I read that there are at least two types of jacobian, this one would be a geometric one and then there would be an analytical one. Does this relate to what you mentioned about the two types of problems (position + rotation and simply position)?

2. Assuming I've got the jacobian right, I would then be able to get JT and I wonder is this really a simple transpose of the jacobian (flipping it around) or is it actually a new matrix derived by calculating the torque vector for each joint?

3. Lastly, I've realized that the torque t for a given joint can be calculated as
[ k x d   k ][ Fe Ne ]T

where
Fe = some kind of velocity vector for the end effector
Ne = some kind of rotation vector for the end effector
I assume that Fe is the distance the end effector has moved from one step to another, but I don't quite understand what the Ne vector is all about.

Sorry about this textual mess, I really think you can help me understand this thing once and for all and I really appreciate it ! :)

##### Share on other sites
Quote:
 Original post by Vanderry1. There are so many terms and different techniques to this that I've probably got a lot of things confused. I've been taught that the jacobian is a Nx6 matrix,

Are you sure you don't mean 6xN? ((# of Rows) x (# of Columns)).

If not, then maybe you're working with row vectors where I'm working with column vectors.

The number is "6" if you're doing IK with both position and orientation and "3" if it's just position (these are the dimensions of the tangent bundles of SE(3) and R^3, respectively).

Quote:
 I read that there are at least two types of jacobian, this one would be a geometric one and then there would be an analytical one.

If this means what I think it does, then it should be the same either way. You can slog through taking derivatives, or you can compute some cross products; either way you get the same matrix. So really the cross products are the derivatives; it's just not obvious that this is the case at first.

Quote:
 Does this relate to what you mentioned about the two types of problems (position + rotation and simply position)?

No... but I think the earlier part of my post about "6" vs. "3" answers this.

Quote:
 2. Assuming I've got the jacobian right, I would then be able to get JT and I wonder is this really a simple transpose of the jacobian (flipping it around)

Yes.

Quote:
 calculating the torque vector for each joint?

You're just calculating a scalar for each joint. You have N joints and N scalars; these get stacked up in a single N-dimensional "torque vector."

##### Share on other sites
Quote:
 Original post by EmergentAre you sure you don't mean 6xN? ((# of Rows) x (# of Columns)).

Yeah, my mistake.

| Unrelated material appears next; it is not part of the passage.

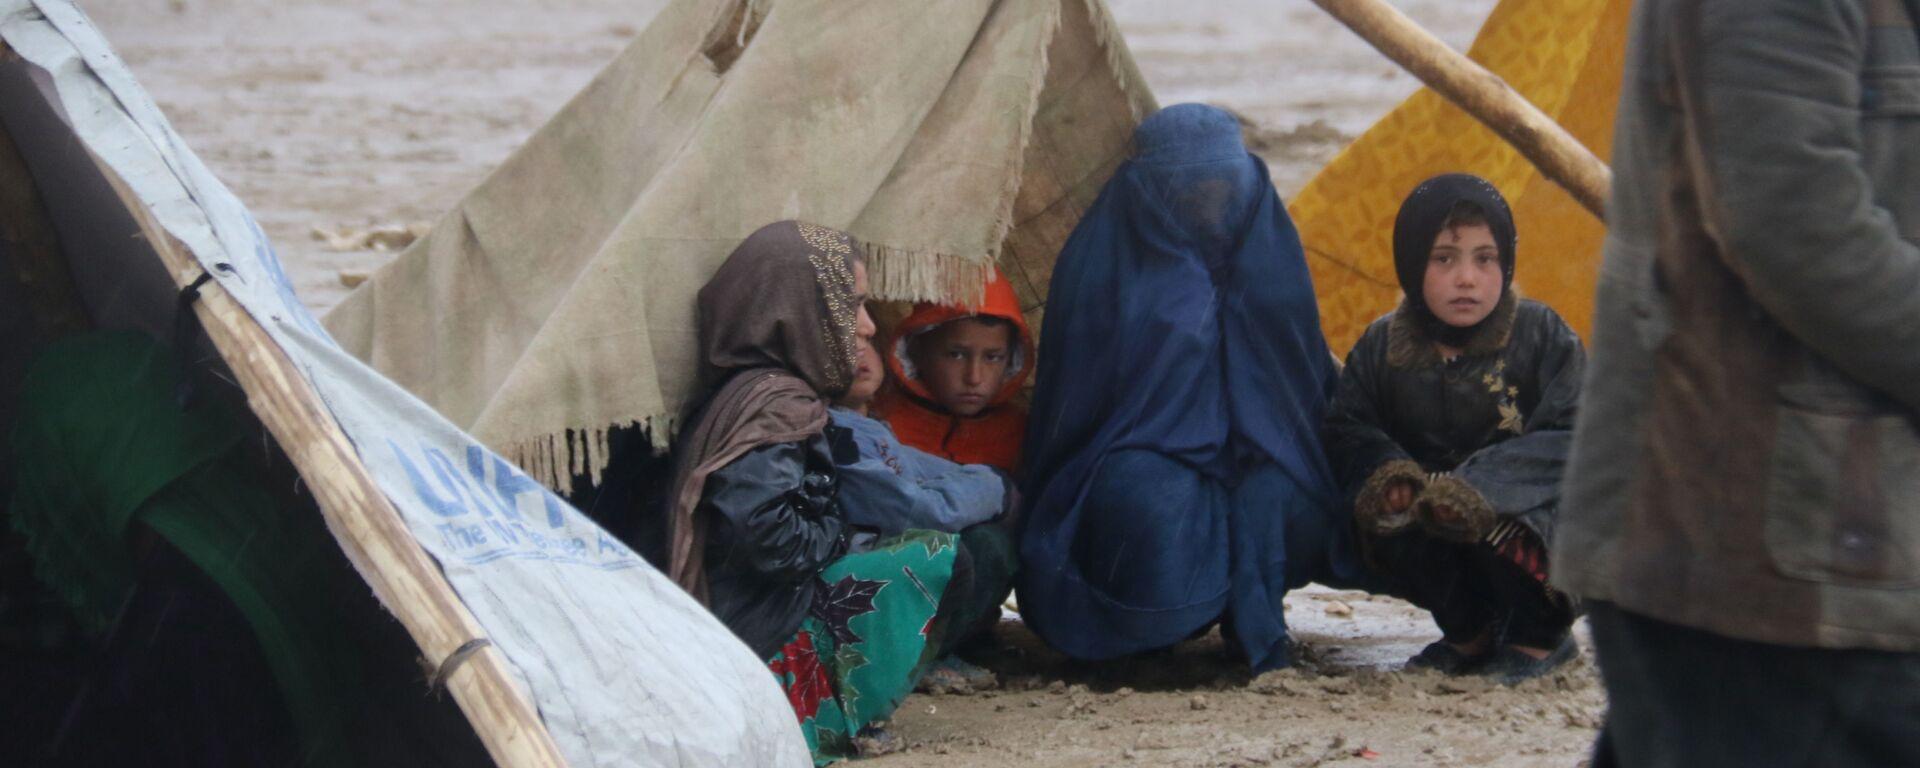 Rifugiati afghani a Mazar-i Sharif - Sputnik Italia, 1920, 14.07.2021

I've got a 6xN matrix and from there I've seen 2 ways of calculating the torque (or angular change) for each joint.

ti = JiT · (goal point - end effector)
ti = [ ki x di ki ][ Fe Ne ]T

I suspect they both mean pretty much the same, but in the first case what I see is dot product between a 1x6 vector and a 1x3 vector which doesn't make sense to me.

In the second example, at first glance it seems like matrix multiplication between a 1x6 and 6x1 matrix which seems reasonable. Then I read that Fe is the force and Ne the torque applied to the end effector. I can guess that Fe is the velocity vector for the end effector as it approaches the target, but if Ne is the torque, doesn't that make it a scalar?

Sorry if I seemed to repeat my questions.

##### Share on other sites
Quote:
 Original post by Vanderryti = JiT · (goal point - end effector)ti = [ ki x di ki ][ Fe Ne ]TI suspect they both mean pretty much the same, but in the first case what I see is dot product between a 1x6 vector and a 1x3 vector which doesn't make sense to me.

Oh! I see the problem.

"goal point - end effector" is a vector that points in the direction you want to go... in what space?

If it's in R^3, then you should be using the 3xN Jacobian (the one for the R^N-->R^3 kinematic map), not the 6xN Jacobian (the one for the R^N-->SE(3) map). This is just the 6xN Jacobian with the last three rows cut out.

If it's in SE(3) -- i.e., you also have a goal orientation for the end-effector -- then you need to be more precise about what you mean by "goal point - end effector," because, really, it makes no sense to subtract points in SE(3) from one another. What does make sense is to compute the versor from one point to another (this is just the tangent vector at the current point to the shortest geodesic joining it to the goal point in SE(3)).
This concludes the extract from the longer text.